Index of help topics:

amplify                 Amplification of sensitivity analysis in
                        observational studies.
dental                  Dental Problems Caused by Smoking
dstat                   Sensitivity Analysis Focusing on Subgroups with
                        Demonstrated Insensitivity to Unmeasured Bias
dstat-package           Conditional Sensitivity Analysis for Matched
                        Observational Studies
lalive                  Unemployment Duration Following an Increase in
                        Unemployment Benefits

The package provides a sensitivity analysis for a conditional test of the null hypothesis of no treatment effect in a matched observational study in which the unmeasured bias in treatment assignment is quantified by a sensitivity parameter gamma>=1. The test uses only those categories of pairs that demonstrate insensitivity to a bias of magnitude gamma, correcting for data-dependent selection of categories by conditional inference. The main function in the package is dstat().

Author(s)

Paul R. Rosenbaum

Maintainer: Paul R. Rosenbaum <[email protected]>

References

Rosenbaum, P. R. (1999). Using quantile averages in matched observational studies. Journal of the Royal Statistical Society: Series C (Applied Statistics), 48(1), 63-78. <doi.org/10.1111/1467-9876.00140>

Examples

data("dental")
attach(dental)
head(dental)
dstat(y,gamma=4.1,f=dose:age,fscore=c(1,1,2,2))
amplify(4,c(5,6,7))
detach(dental)

Amplification of sensitivity analysis in observational studies.

Description

Uses the method in Rosenbaum and Silber (2009) to interpret a value of the sensitivity parameter gamma. Each value of gamma amplifies to a curve (lambda,delta) in a two-dimensional sensitivity analysis, the inference being the same for all points on the curve. That is, a one-dimensional sensitivity analysis in terms of gamma has a two-dimensional interpretation in terms of (lambda,delta).

Usage

amplify(gamma, lambda)

Arguments

gamma

gamma > 1 is the value of the sensitivity parameter, for instance the parameter in senmv. length(gamma)>1 will generate an error.

lambda

lambda is a vector of values > gamma. An error will result unless lambda[i] > gamma > 1 for every i.

Details

A single value of gamma, say gamma = 2.2 in the example, corresponds to a curve of values of (lambda, delta), including (3, 7), (4, 4.33), (5, 3.57), and (7, 3) in the example. An unobserved covariate that is associated with a lambda = 3 fold increase in the odds of treatment and a delta = 7 fold increase in the odds of a positive pair difference is equivalent to gamma = 2.2.

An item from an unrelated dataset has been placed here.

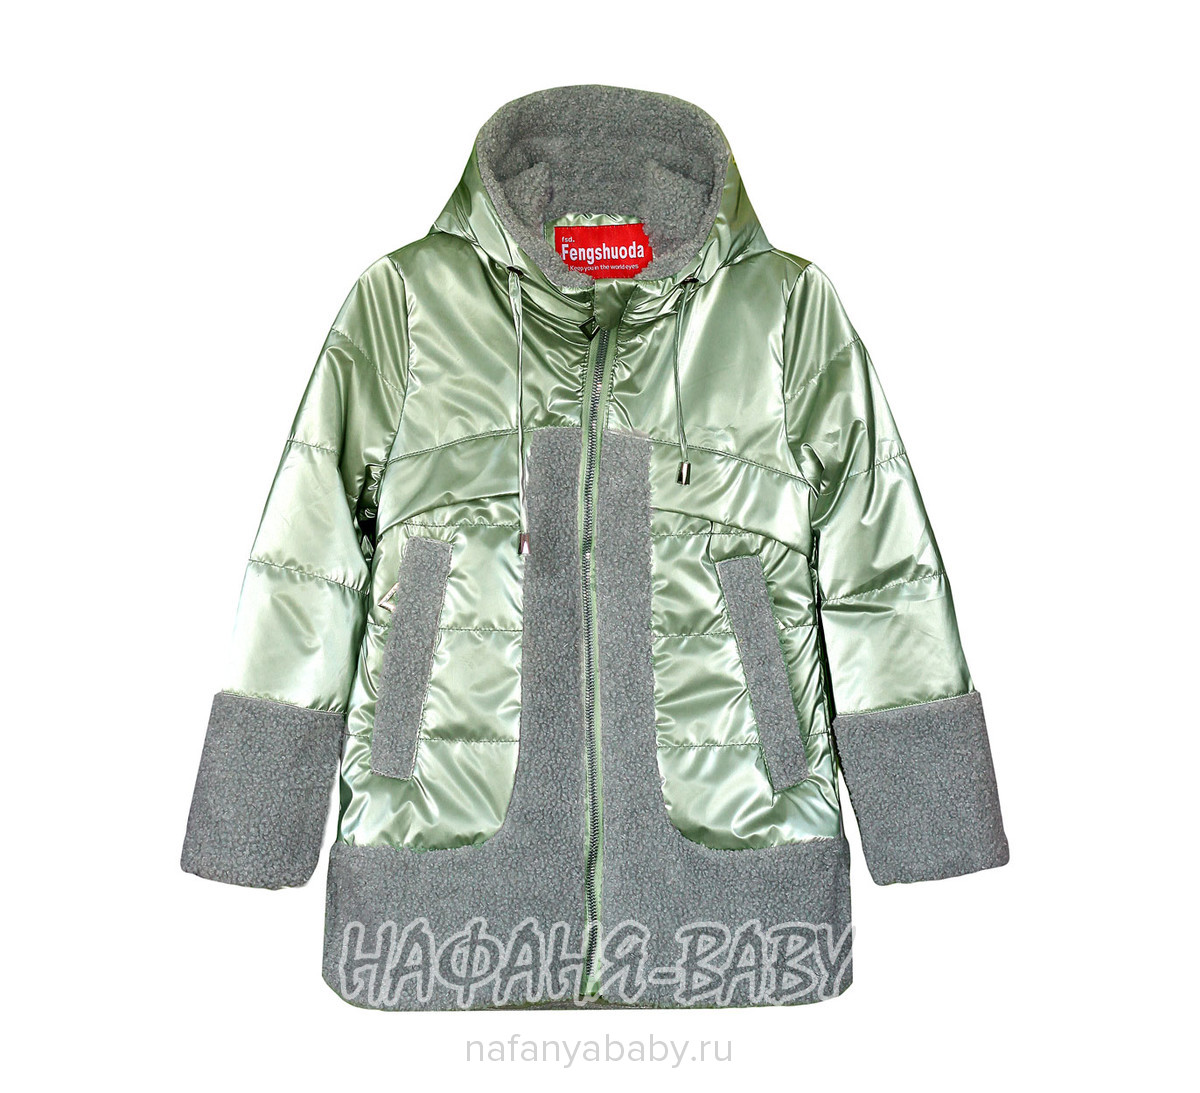 Детская демисезонная куртка FSD арт: 1018-1, 1-4 года, 5-9 лет, оптом Китай (Пекин)

The curve is gamma = (lambda*delta + 1)/(lambda+delta). Amplify is given one gamma and a vector of lambdas and solves for the vector of deltas. The calculation is elementary.

This interpretation of gamma is developed in detail in Rosenbaum and Silber (2009), and it makes use of Wolfe's (1974) family of semiparametric deformations of an arbitrary symmetric distribuiton.

Strictly speaking, the amplification describes matched pairs, not matched sets. The senm function views a k-to-1 matched set with k controls matched to one treated individual as a collection of k correlated treated-minus-control matched pair differences; see Rosenbaum (2007). For matched sets, it is natural to think of the amplification as describing any one of the k matched pair differences in a k-to-1 matched set.

The curve has asymptotes that the function amplify does not compute: gamma corresponds with (lambda,delta) = (gamma, Inf) and (Inf, gamma).

A related though distict idea is developed in Gastwirth et al (1998). The two approaches agree when the outcome is binary, that is, for McNemar's test.

Value

Returns a vector of values of delta of length(lambda) with names lambda.

Note

The amplify function is also in the sensitivitymv package where a different example is used.

Author(s)

Paul R. Rosenbaum

References

Gastwirth, J. L., Krieger, A. M., Rosenbaum, P. R. (1998) Dual and simultaneous sensitivity analysis for matched pairs. Biometrika, 85, 907-920.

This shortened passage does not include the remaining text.